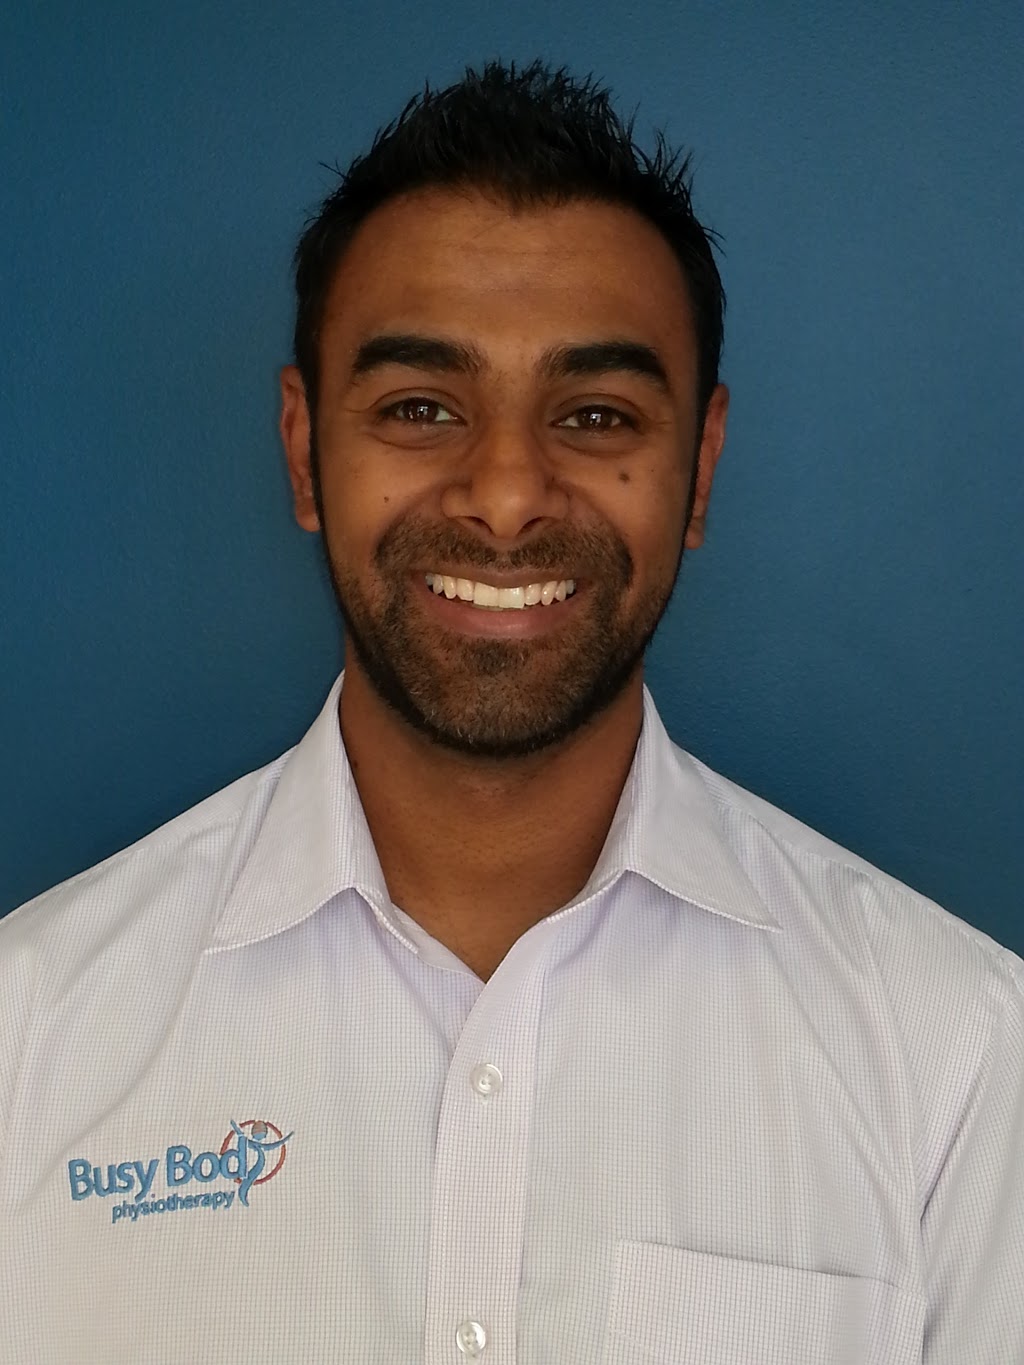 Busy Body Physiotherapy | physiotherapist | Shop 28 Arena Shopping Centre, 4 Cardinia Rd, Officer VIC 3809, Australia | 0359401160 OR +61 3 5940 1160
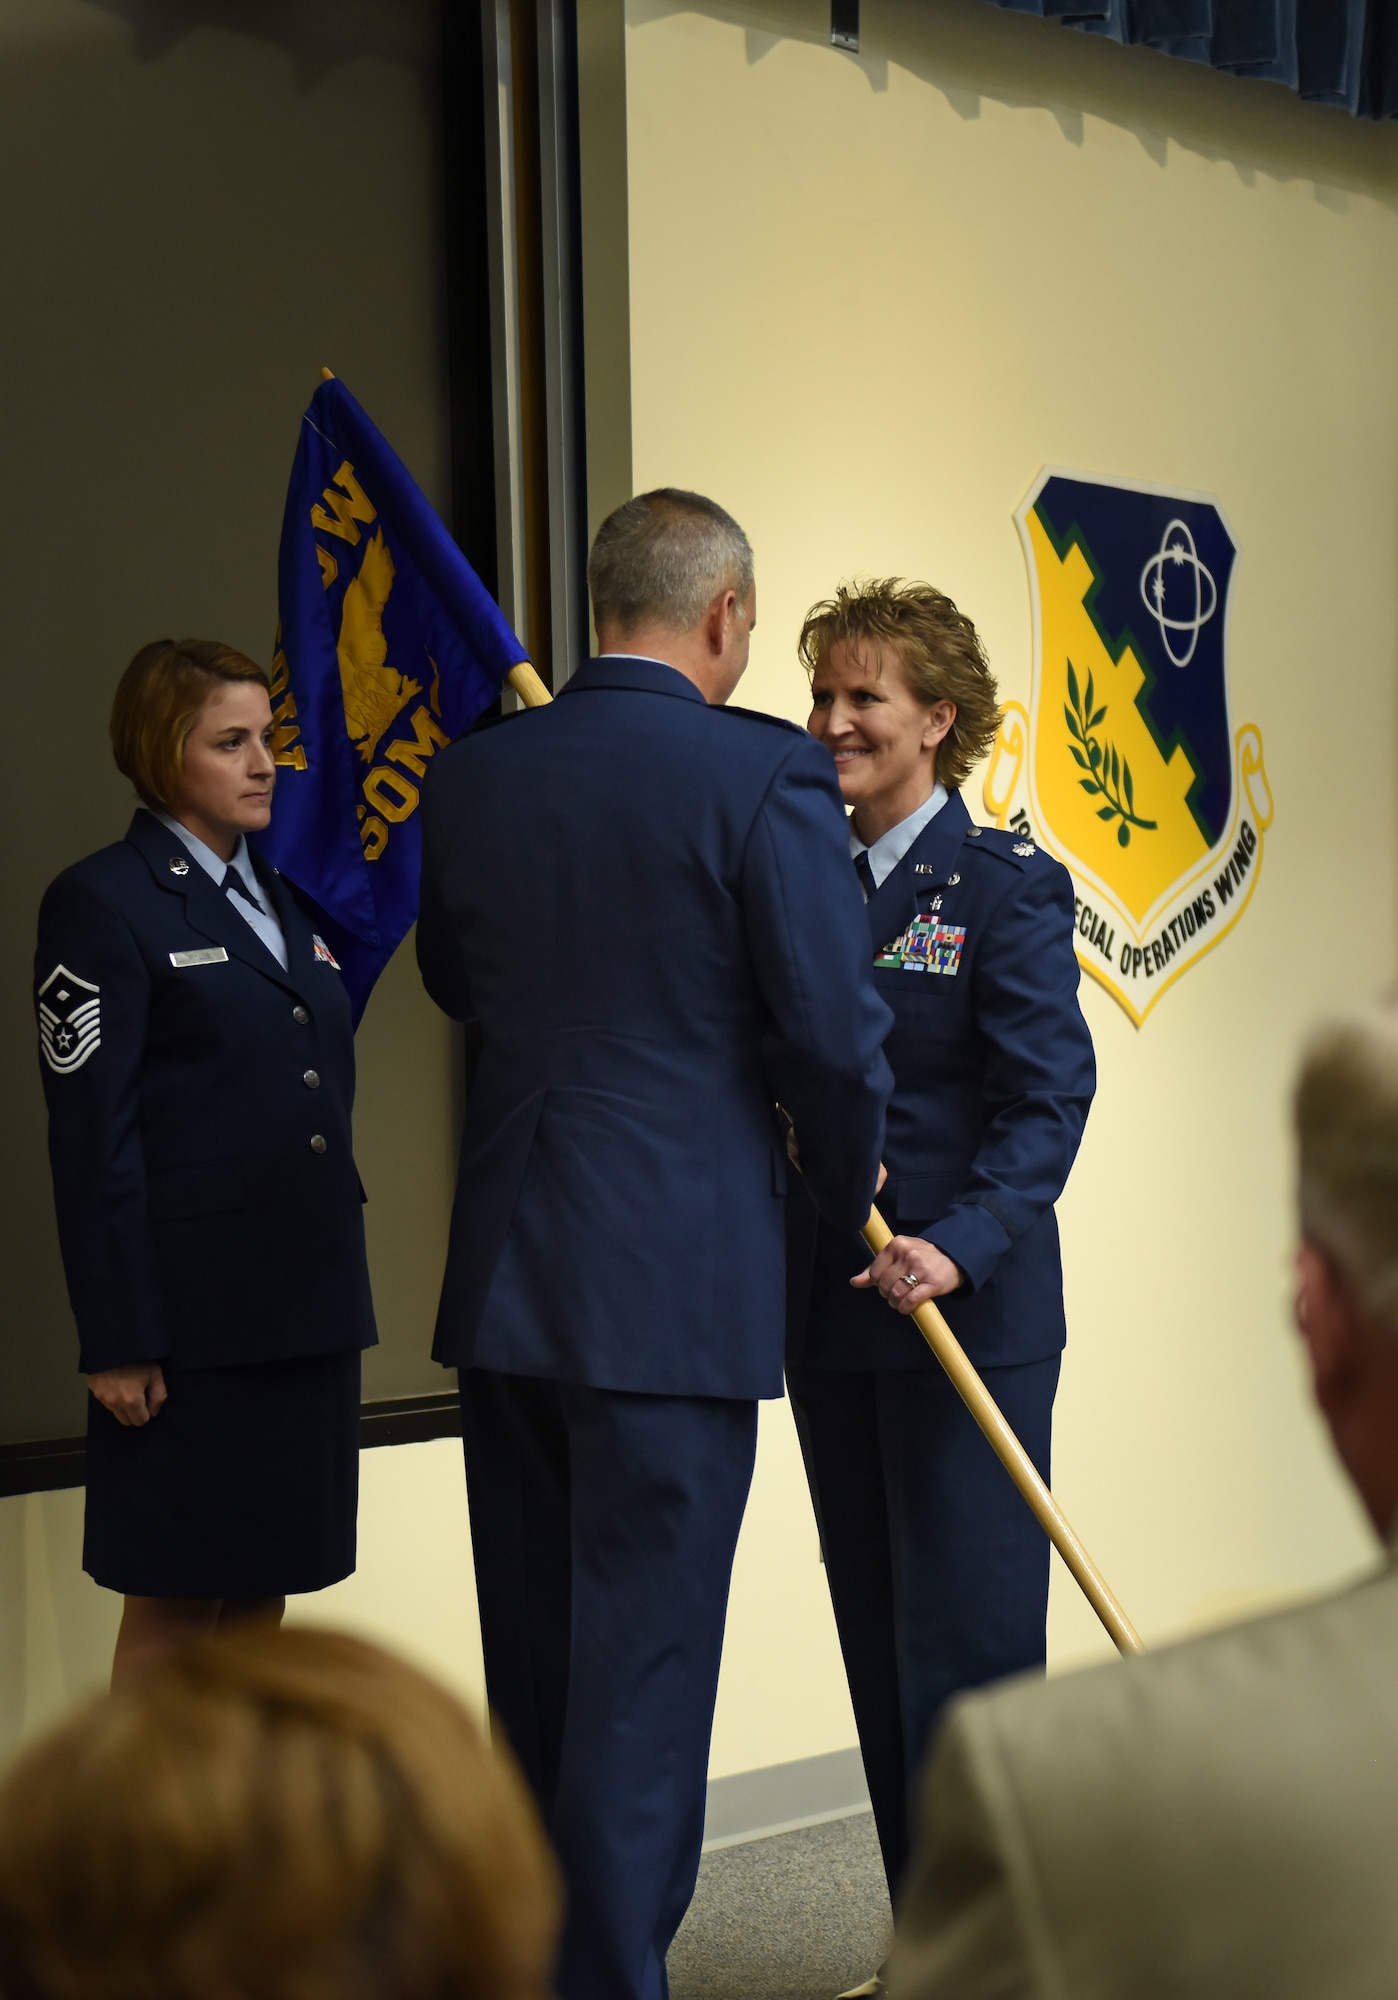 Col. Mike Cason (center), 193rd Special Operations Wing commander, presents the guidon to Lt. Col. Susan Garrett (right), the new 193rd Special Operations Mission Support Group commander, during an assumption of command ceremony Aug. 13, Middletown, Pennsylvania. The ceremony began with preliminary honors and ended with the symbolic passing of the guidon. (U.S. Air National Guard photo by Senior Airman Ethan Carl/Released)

---

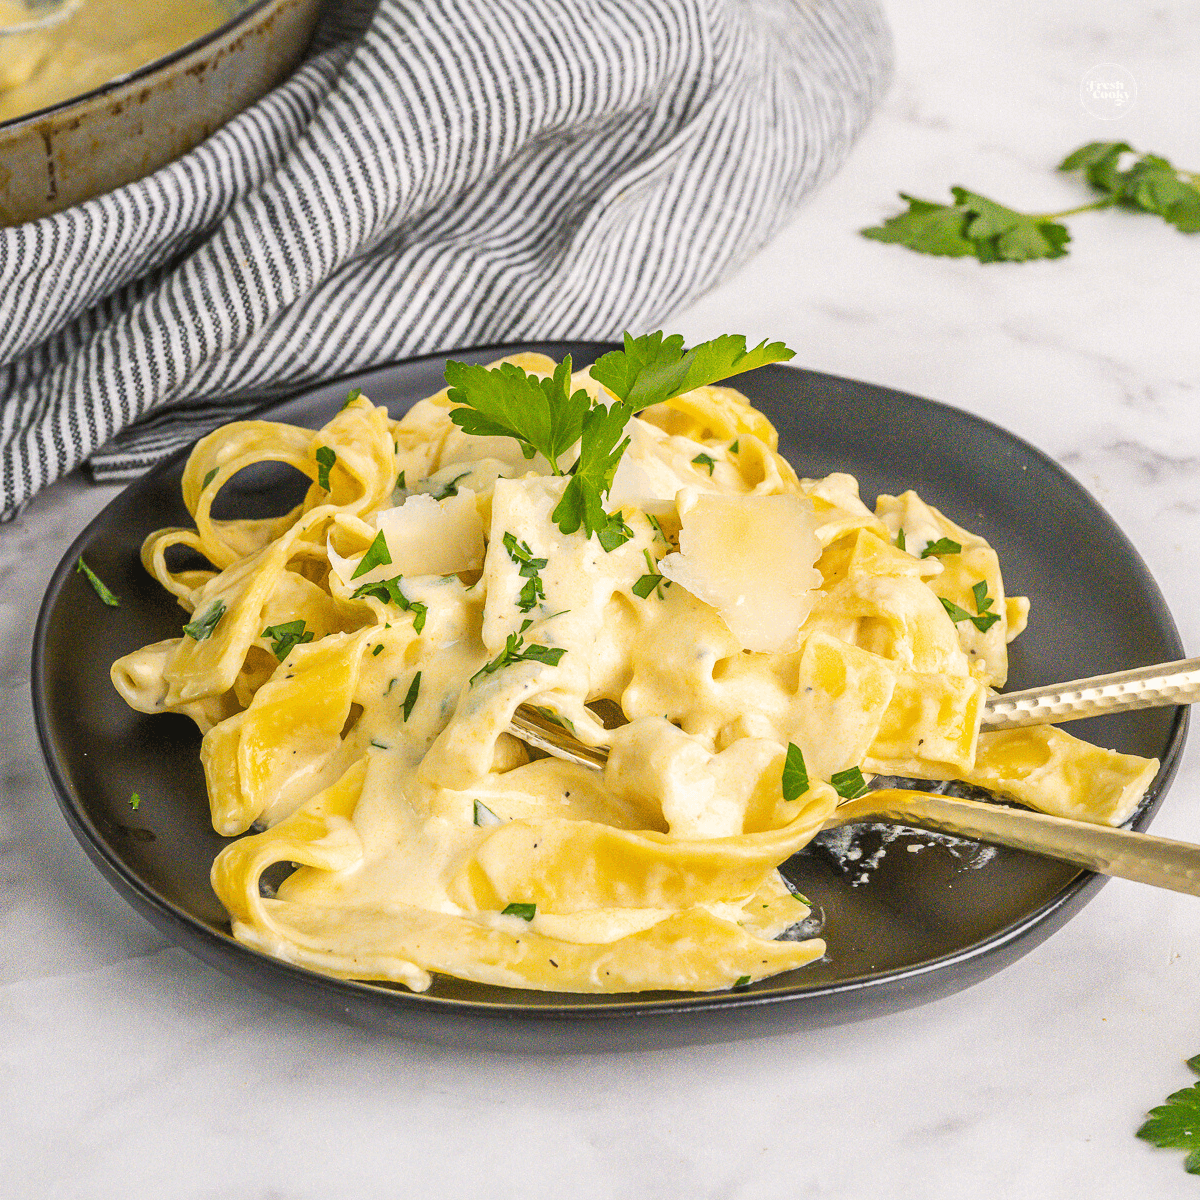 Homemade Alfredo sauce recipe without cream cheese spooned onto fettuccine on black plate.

Aim of the exercise. All that is wanted is the lines above between the one containing "Busy Body Physiotherapy" and the one containing "Col. Mike Cason", inclusive, restated word for word, with pictures omitted.

Answer to the problem.
 Busy Body Physiotherapy | physiotherapist | Shop 28 Arena Shopping Centre, 4 Cardinia Rd, Officer VIC 3809, Australia | 0359401160 OR +61 3 5940 1160
 Col. Mike Cason (center), 193rd Special Operations Wing commander, presents the guidon to Lt. Col. Susan Garrett (right), the new 193rd Special Operations Mission Support Group commander, during an assumption of command ceremony Aug. 13, Middletown, Pennsylvania. The ceremony began with preliminary honors and ended with the symbolic passing of the guidon. (U.S. Air National Guard photo by Senior Airman Ethan Carl/Released)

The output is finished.